* **Your task**
With the exception of the pictures, transcribe the entire listing exactly.

* **Provided data**
- - - - -
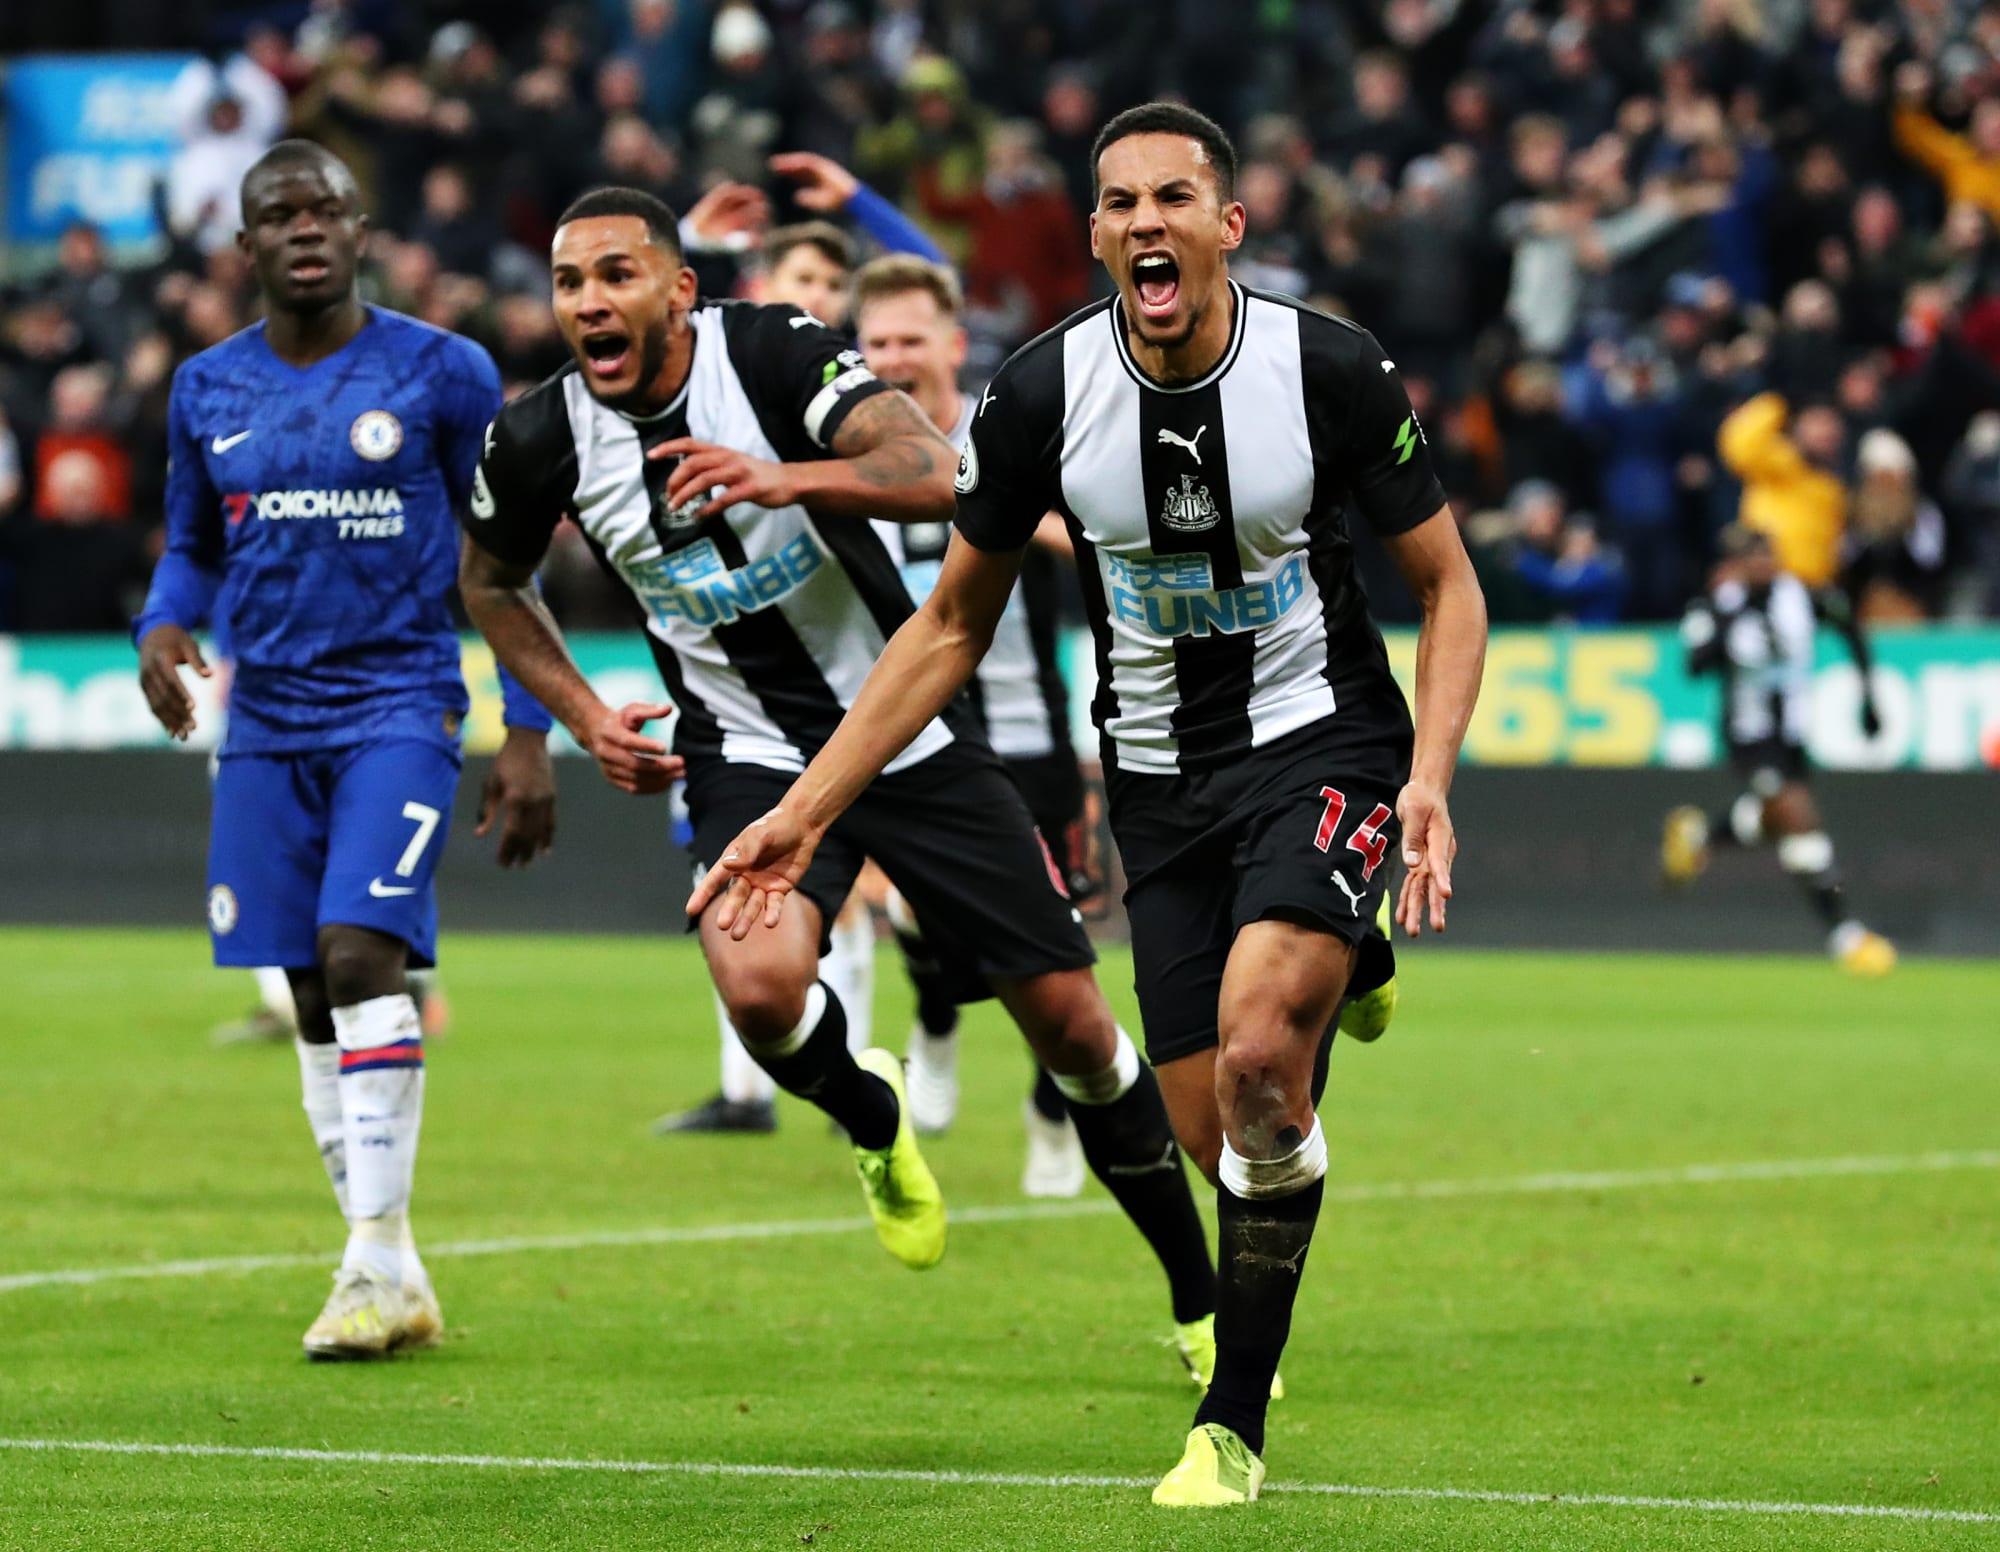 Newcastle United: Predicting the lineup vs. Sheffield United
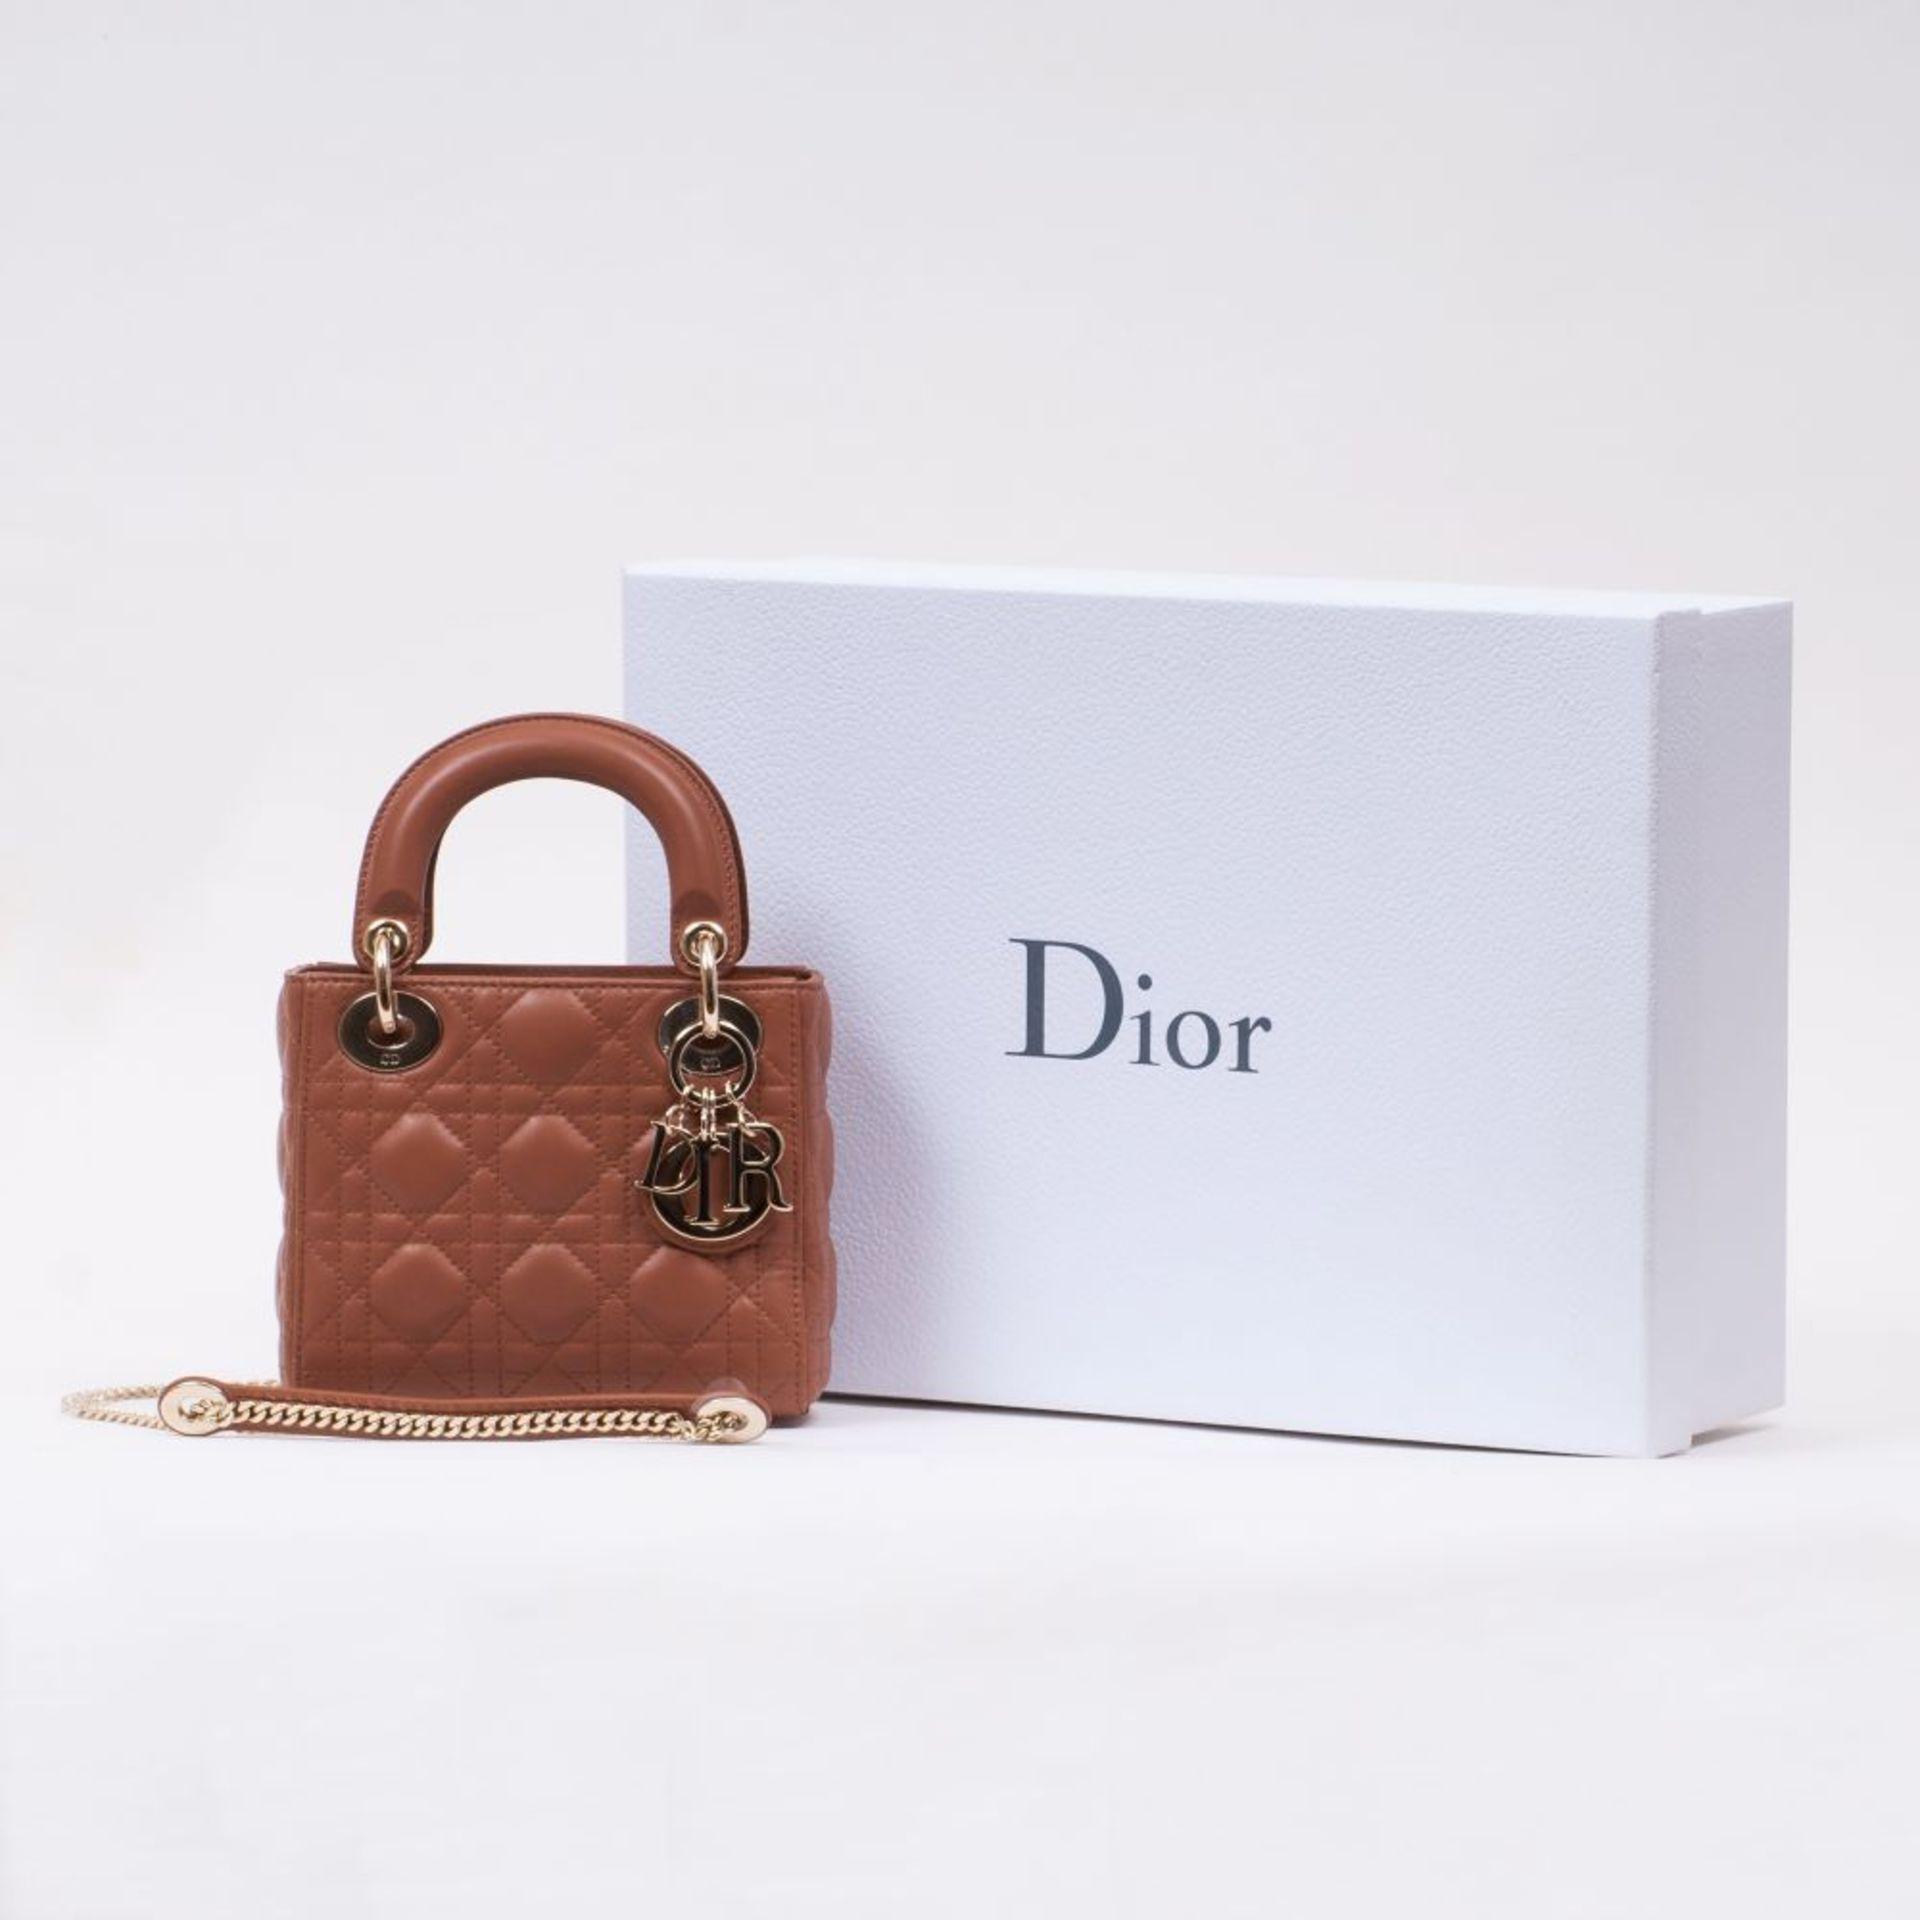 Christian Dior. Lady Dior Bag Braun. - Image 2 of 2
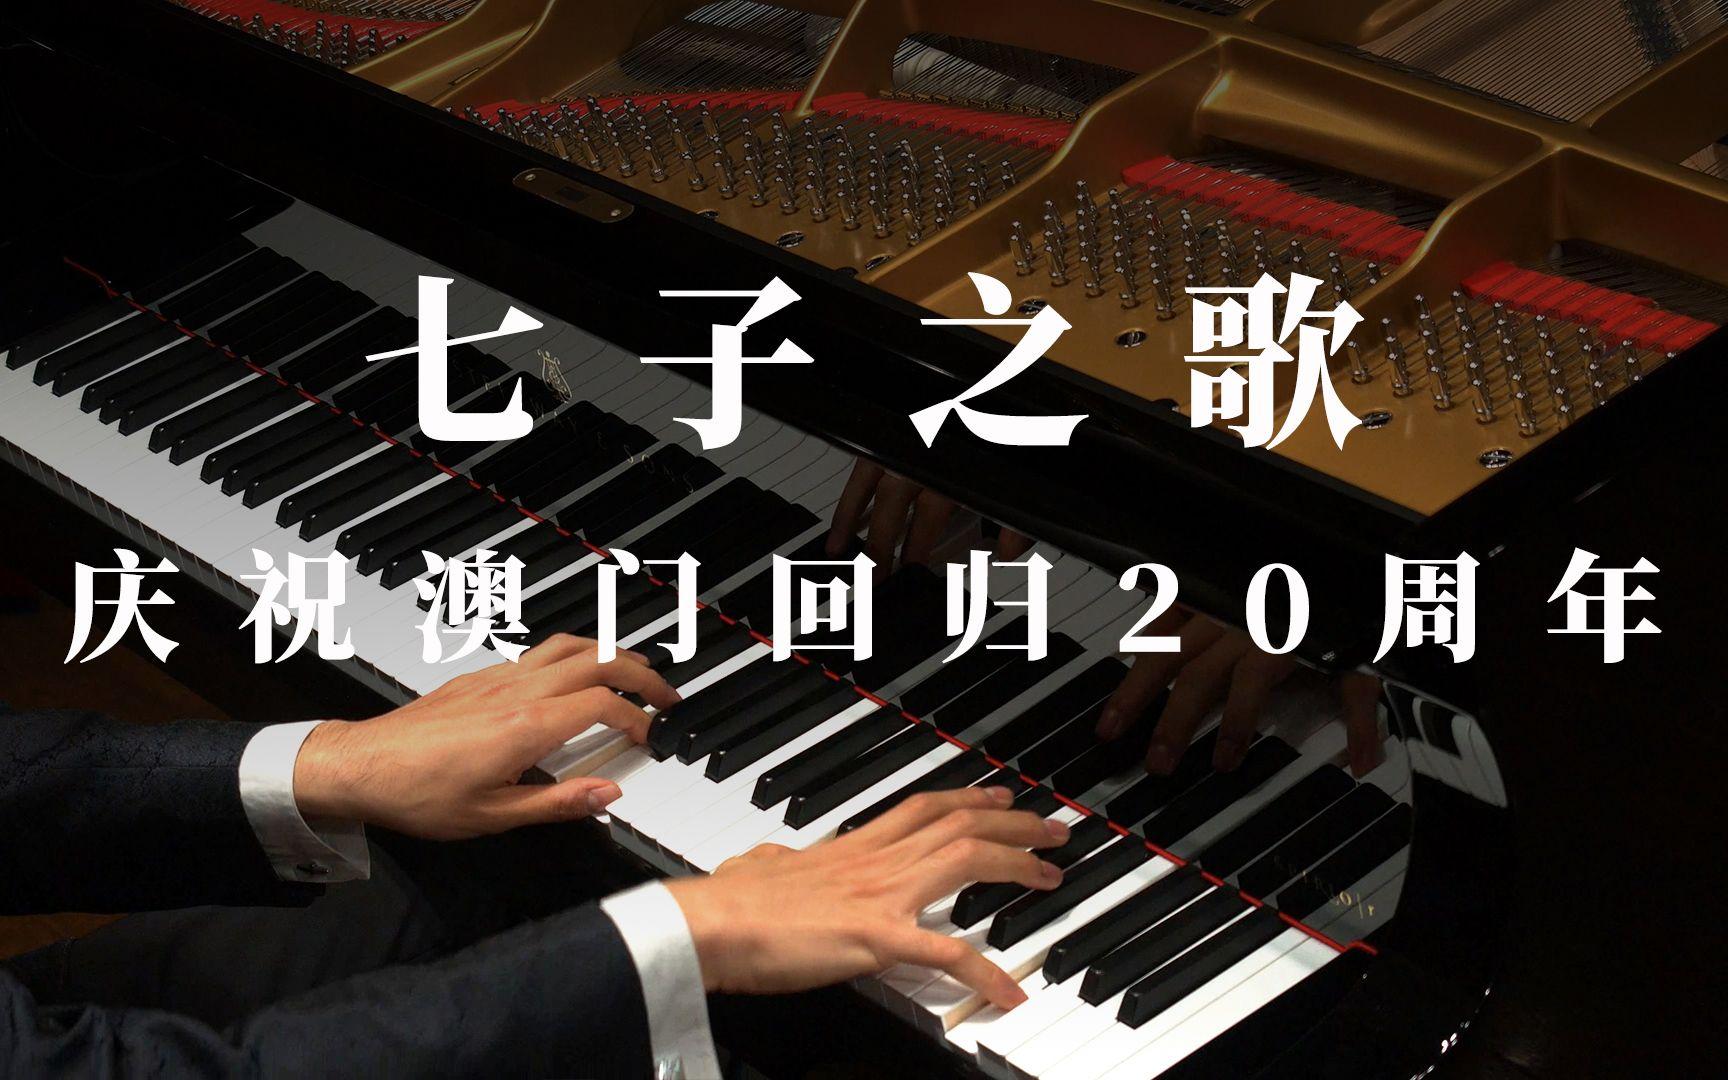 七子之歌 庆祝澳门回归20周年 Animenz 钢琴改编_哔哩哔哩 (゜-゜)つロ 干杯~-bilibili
- - - - -
* **Expected answer**
 Newcastle United: Predicting the lineup vs. Sheffield United
 Christian Dior. Lady Dior Bag Braun. - Image 2 of 2
 七子之歌 庆祝澳门回归20周年 Animenz 钢琴改编_哔哩哔哩 (゜-゜)つロ 干杯~-bilibili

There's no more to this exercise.